Application to College Basketball
What happens when team A loses to B? If we interpret team A’s loss as a signal indicating that B is superior, then the PageRank algorithm should give us the teams in order of the strength of the “signals” they get from the other teams. It certainly rewards teams for winning games, but also considers the quality of the teams that beat them.
Since Google already did the hard work, all we have to do is get the game results, assign each team an equal rank, and then build the matrix of teams sending “signals” to those that defeated them. We iterate for the stationary vector (πT) which should give us our rankings.
The code and game data to reproduce or experiment with these results can be downloaded from the following repository: https://github.com/joebluems/MarchMadness.git
Since this algorithm is data-driven, we’re going to need data. This data is available from a variety of internet sources - use the csv file on the repository or pull the scores yourself with a series of curl commands from your favorite sports site. Game data comprised 5,778 matches through March 15, 2015 including 631 different colleges.
Division I schools can play non-Division I schools, which generates activity for teams with very few games (sorry, Daniel Webster and Sarah Lawrence College). The algorithm automatically weights these teams low to a lack of data, so no adjustments to the raw results are necessary.
Running the Algorithm
Applying the algorithm to generate PageRanks requires two steps:
Step 1 (create the matrix) – read the game data and assign a unique integer to each school. This information is helpful when displaying the results in the next step. Once the data is read, keep track of which team loses to whom and assign a “weight” to each loss. This information comprises the H matrix (a more pliable form of the S matrix), which is key to the PageRank algorithm.

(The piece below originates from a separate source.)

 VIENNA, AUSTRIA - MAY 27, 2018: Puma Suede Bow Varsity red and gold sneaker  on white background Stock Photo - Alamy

Step 2 (find the ranks) – execute the power method to solve for the stationary row vector (πT) of the G matrix. Sorting this vector in descending order provides the rankings. The alpha parameter was set to 0.90 and the power method continues until the convergence criteria are satisfied (residual <= 0.001). The algorithm was adjusted to base the outgoing signal (loss) on a minimum denominator of 25 games (to account for non-Division I teams with incomplete schedules).

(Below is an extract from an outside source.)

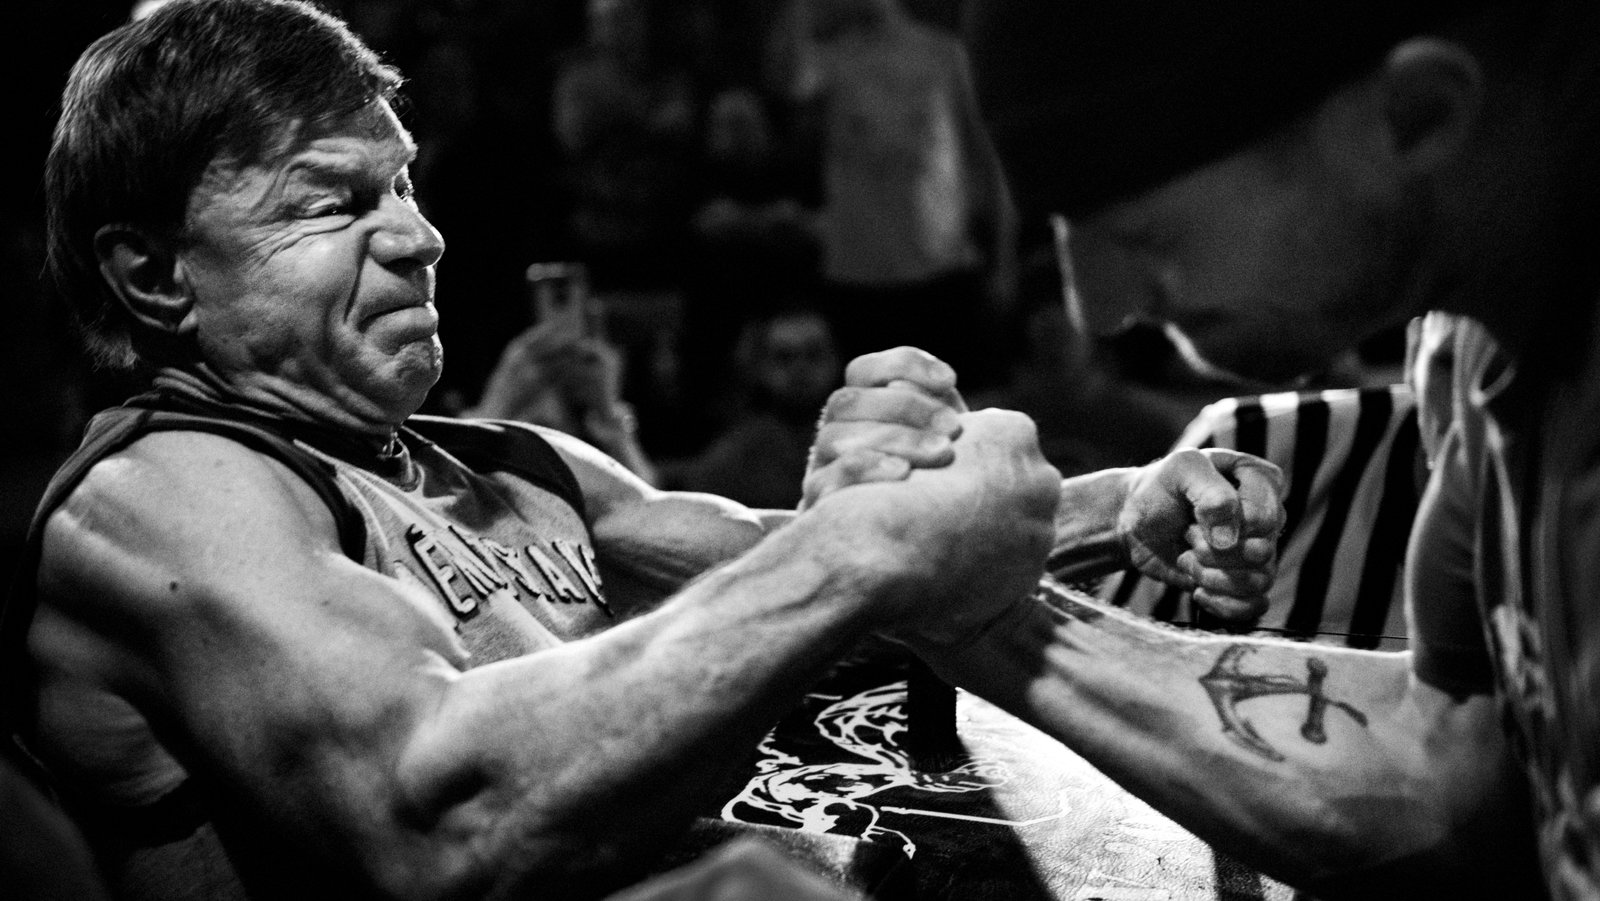 The 75 Year Old Arm Wrestler

The following table shows the PageRank outcome and the AP ranks for comparison (the Associated Press ranks are compiled from votes by 64 sportswriters and broadcasters - which may average bias or compile it):
Rounding out the top 25 by PageRank are the following: Baylor, Wichita State, North Carolina, Oregon, San Diego State, Louisville, Colorado State, Dayton, Michigan State and Wofford. Every team in the top 25 made the tournament, though Dayton was assigned a play-in game to join the final 64-team bracket.
The top 10 for both lists are slightly shuffled. It’s important to keep in mind that the PageRanks are based only on win-loss results. As the sole undefeated team, Kentucky is a no-brainer, consensus #1. Villanova’s record earns it the second spot from PageRank, but the AP ranks it 4th. Conversely, the algorithm penalizes Virginia down to 6th from 3rd in the AP poll. Based on the strength of their wins (and losses), Arkansas improves from 21st on AP to #15 on PageRank.

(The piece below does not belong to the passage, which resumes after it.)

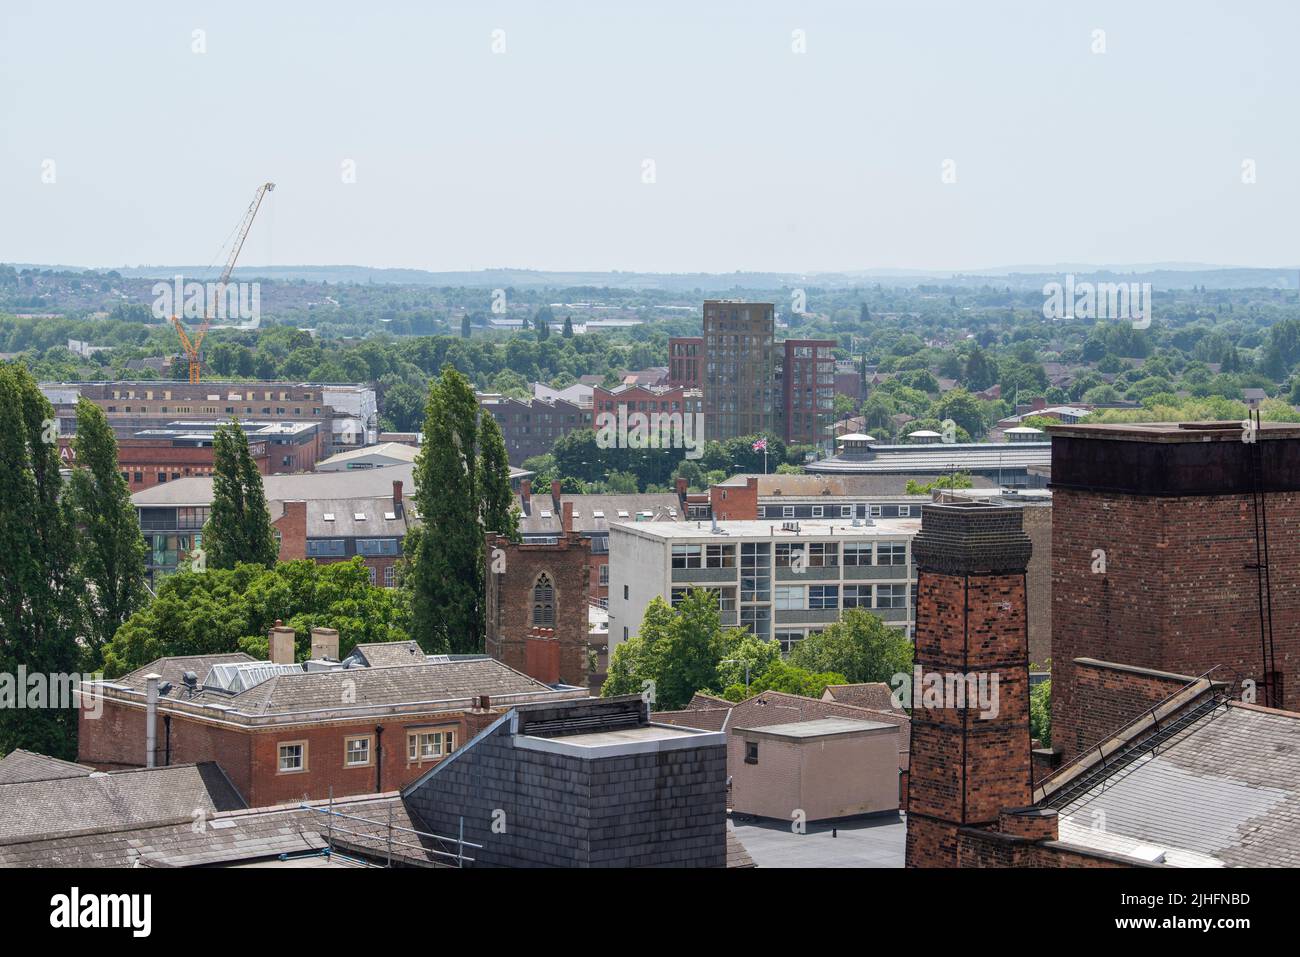 Looking out to the South West of the City from the roof of the Pearl Assurance Building in Nottingham, Nottinghamshire England UK Stock Photo

PageRank also made a few pulls from outside the AP top-25, like Virginia Commonwealth, Wofford and Colorado State. One of the differences of this approach is that it treats all games equally - the polls will give greater weight to more recent games (which may not be a bad idea). Understanding a method’s limitations will give you the clues to improve it to fit your situation.
So if you’re a geek who’s into the tourney, why not give it a whirl? Just make sure to update your stats before you start. Let us know how you did.